Figure 1.
Genetic organization of the Burkholderia cenocepacia J2315 bce-II gene cluster, and alignment of amino acid sequences of the B. cenocepacia J2315 BceN protein (CAR54861) with GMDs from B. cepacia IST408 (JN987864), P. aeruginosa (AAG08838), A. thermoaerophilus (AAS55711) and E. coli (AAC77842).
Upper part: Schematic representation of the bceII gene cluster evidencing the bceN gene in black. Lower part: Sequence alignment of the indicated GMDs, evidencing the Wierenga motif and the catalytic triad typical of the short-chain dehydrogenases/reductases (SDR) family of proteins (highlighted in light grey). The specific GMD motifs are highlighted in dark grey. Asterisks indicate identical amino acid residues. One or two dots indicate semi-conserved or conserved substitutions, respectively. The predicted secondary structure of B. cenocepacia J2315 and B. cepacia IST408 BceN proteins is shown above the alignment segments, where cylinders represent α-helices and arrows represent β-sheets. Alignments and the secondary structure predictions were performed with CLUSTAL X2 and the PSIPRED software, respectively. Genes bceM to bceU putatively encode GDP-D-rhamnose reductase (bceM), GDP-D-mannose dehydratase (bceN), acyltransferase (bceO), unknown (bceP), repeat unit flippase (bceQ), glycosyltransferase (bceR), acyltransferase (bceS), UDP-glucose pyrophosphorylase (bceT), acyltransferase (bceU).
Figure 2.
(A) SDS-PAGE analysis of the 6×His-tagged BceN from B. cenocepacia J2315 by E. coli BL21 (DE3). Lanes from left panel: t0, total soluble proteins from E. coli BL21 (DE3) with plasmid pJRF4 before induction with IPTG; t2, total soluble proteins from E. coli BL21 (DE3) with plasmid pJRF4 after 2 hours of induction with IPTG; A–D, 6×His-tagged BceN protein eluted from Ni2+-NTA affinity chromatography column with increasing concentrations of imidazole. Lanes from right panel (Western-blot): 1, BSA used as negative control; 2, purified 6×His-tagged BceN protein from B. cenocepacia J2315. The monoclonal anti-polyhistidine antibody conjugated with peroxidase (Sigma-Aldrich) was used in the Western-blot. (B) Discontinuous native PAGE analysis of 6×His-tagged BceN. Lanes: M1, BSA; M2, ovalbumin; M3, aldolase; M4, catalase; A–B, purified 6×His-tagged BceN from B. cenocepacia J2315 with no GMD activity; C, purified 6×His-tagged BceN from B. cenocepacia J2315 with GMD activity. The analysis of the discontinuous native PAGE showed a predominant band with approximately 162 kDa compatible with a tetrameric form of the protein. Trimeric, dimeric and monomeric forms are also visible. (C) Structural models of the BceN of B. cenocepacia J2315 and GMD from P. aeruginosa PAO1 (PDB ID: 1RPN). Graphics were generated using the RasWin Molecular Graphics (Windows Version 2.7.5).
Figure 3.
NMR spectroscopy studies of the 6×His-tagged BceN-catalysed reaction.
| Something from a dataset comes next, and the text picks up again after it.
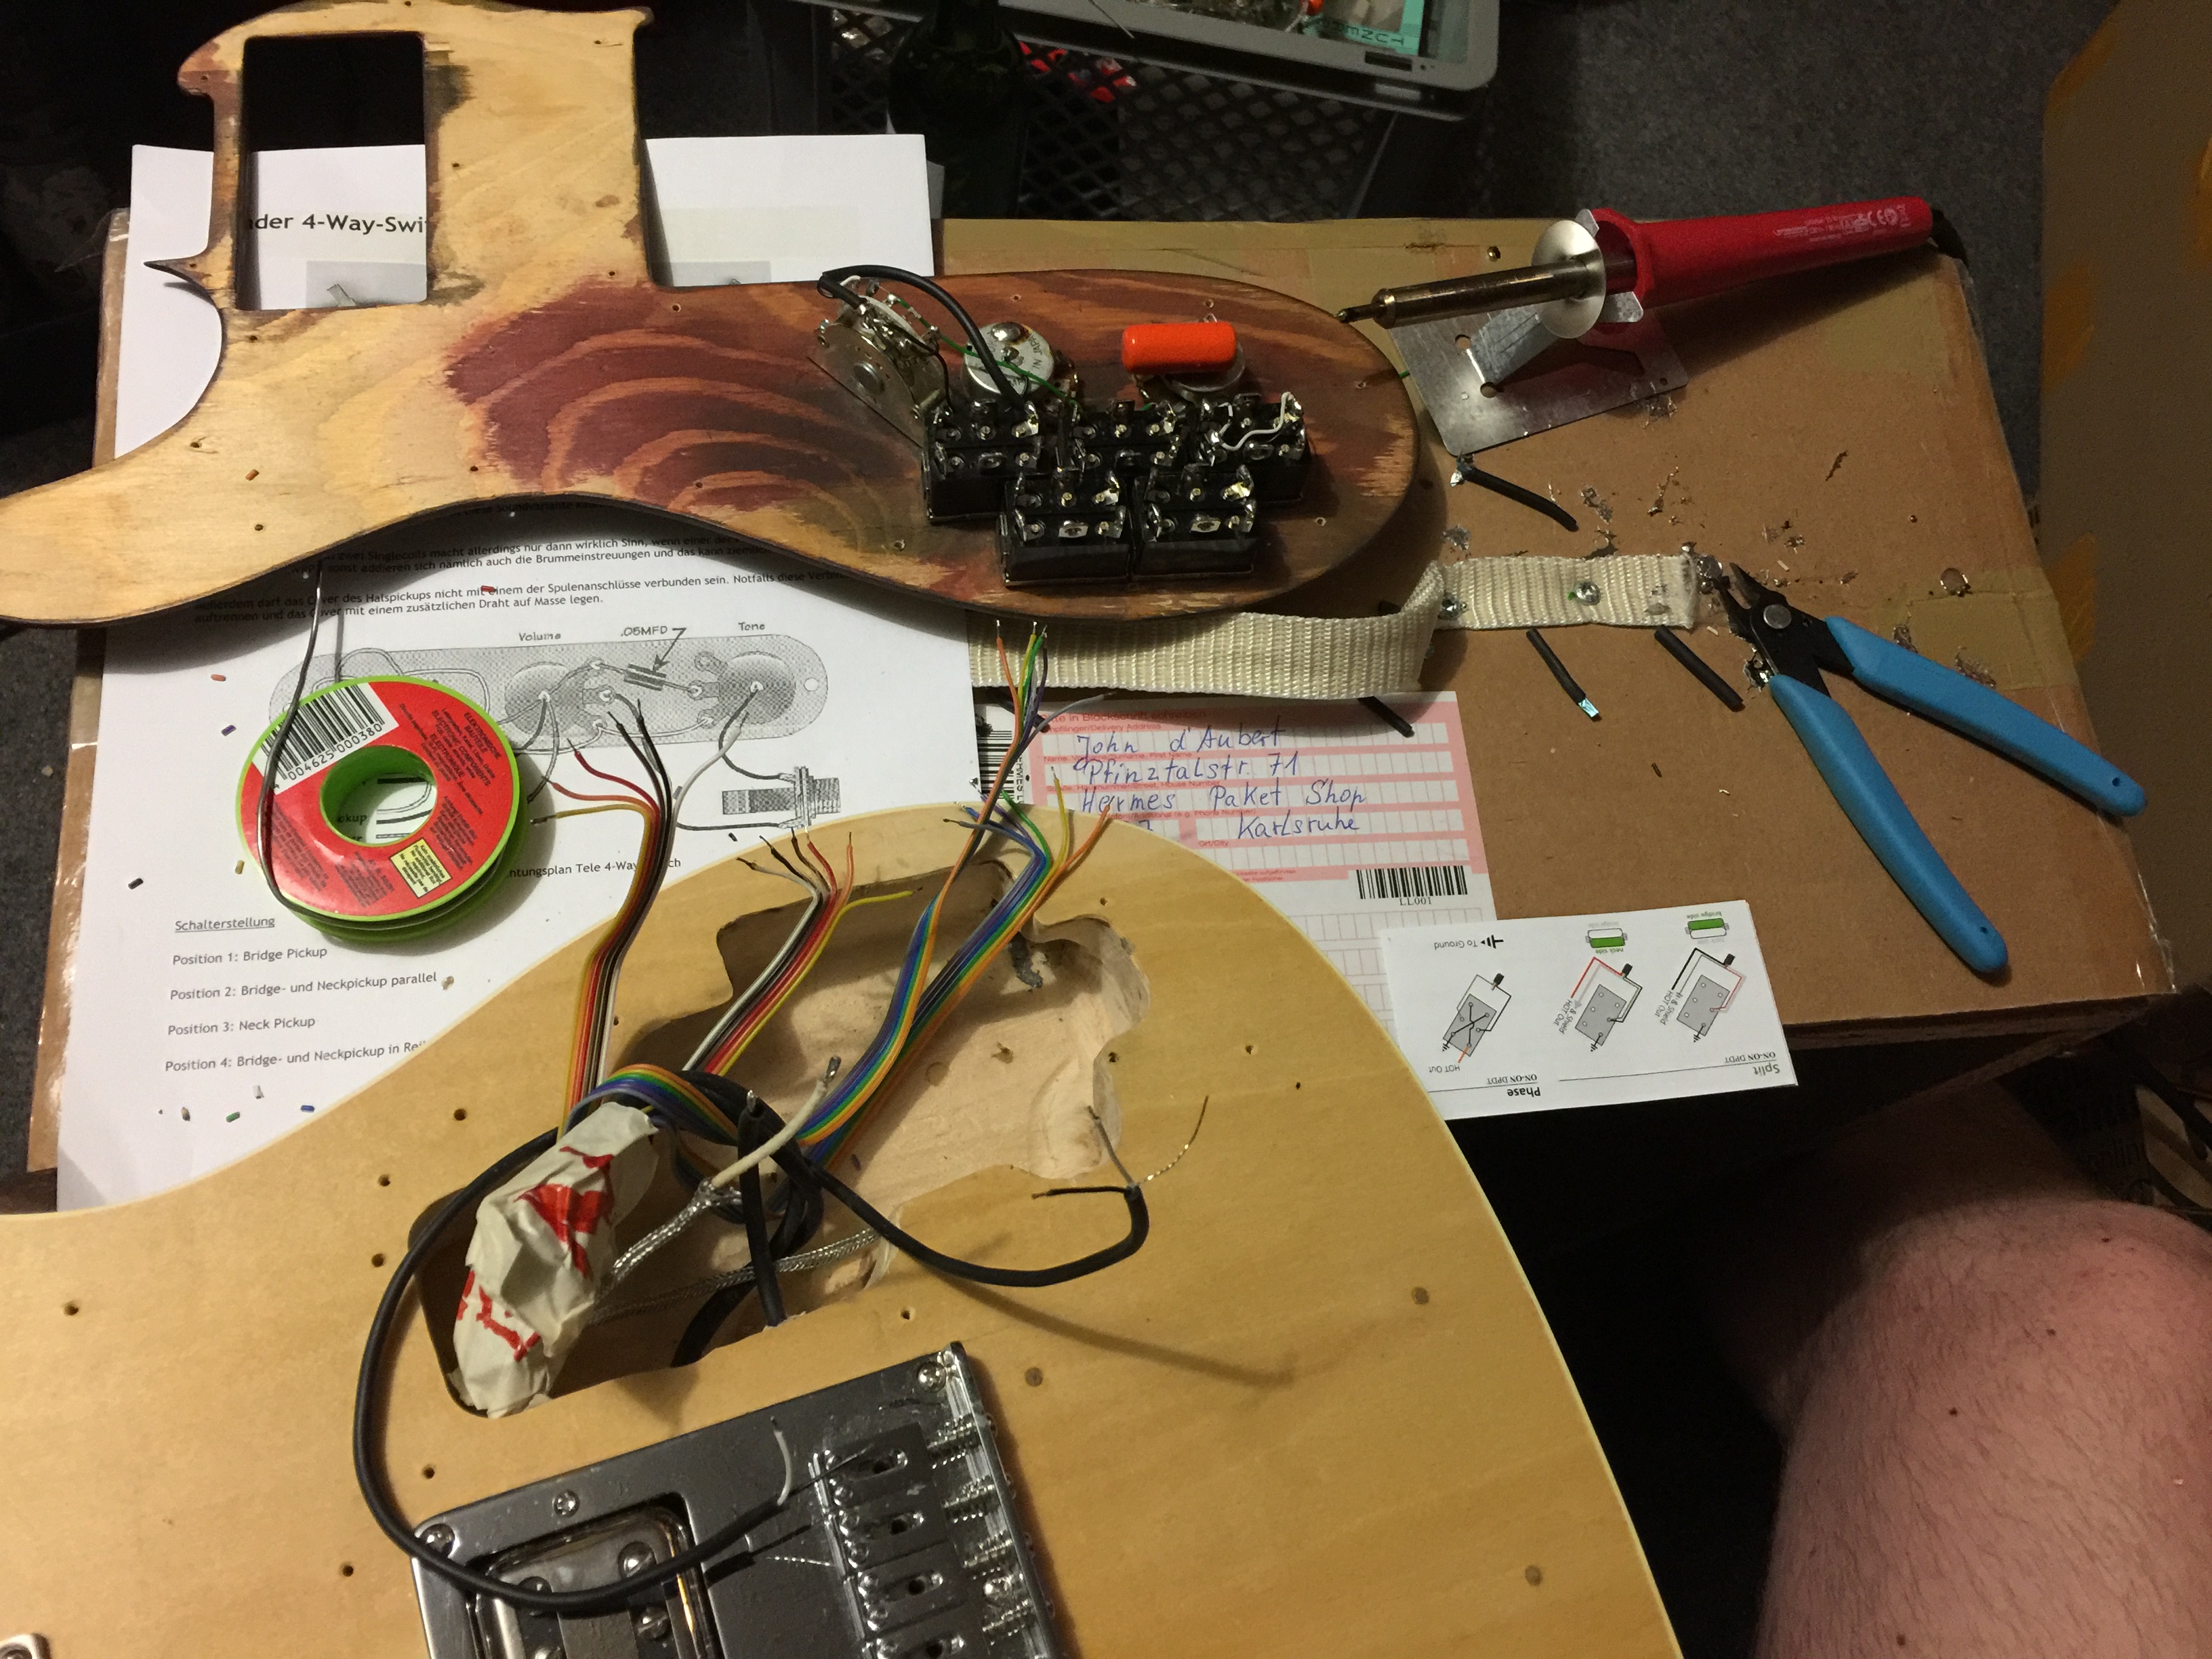 Wiring the Fender-4-Way-Switch with 2 humbuckers, 5 toggle-switches

(A) Conversion of GDP-D-mannose (compound A) into GDP-4-keto-6-deoxy-D-mannose keto form (compound B) and the gem-diol form of compound B (compound C). The anomeric protons in each molecule are marked as Ha. (B) HSQC spectra of the reaction mixture containing 5 mM of GDP-D-mannose, after 14 hours of incubation at 25°C. The anomeric protons and corresponding signals in HSQC are showed. (C) Time-course spectra of the 6×His-tagged BceN reaction mixture with 2 mM of GDP-D-mannose at 25°C, showing the peaks corresponding to GDP-D-mannose (A), GDP-4-keto-6-deoxy-D-mannose keto form (B), and the gem-diol form of compound B (C). (D) Michaelis-Menten plot of the initial rate of GDP-D-mannose consumption as determined by NMR.
Table 1.
Kinetics parameters for different bacterial GMD enzymes using GDP-D-mannose as substrate.
Figure 4.
Involvement of BceN in cepacian biosynthesis.
Comparison of the amount of cepacian produced by B. cepacia IST408 (black columns), B. cepacia JRF1 (white columns), B. multivorans ATCC17616 (dark grey columns), and B. multivorans (pJFR6) (light grey columns) in SARA liquid medium, after 24, 48 and 72 hours of incubation at 30°C and 37°C with orbital agitation. The P-value was determined with the Unpaired t test with Welch correction and are represented by * when P<0.01, ** when P<0.0001, *** when P<0.001.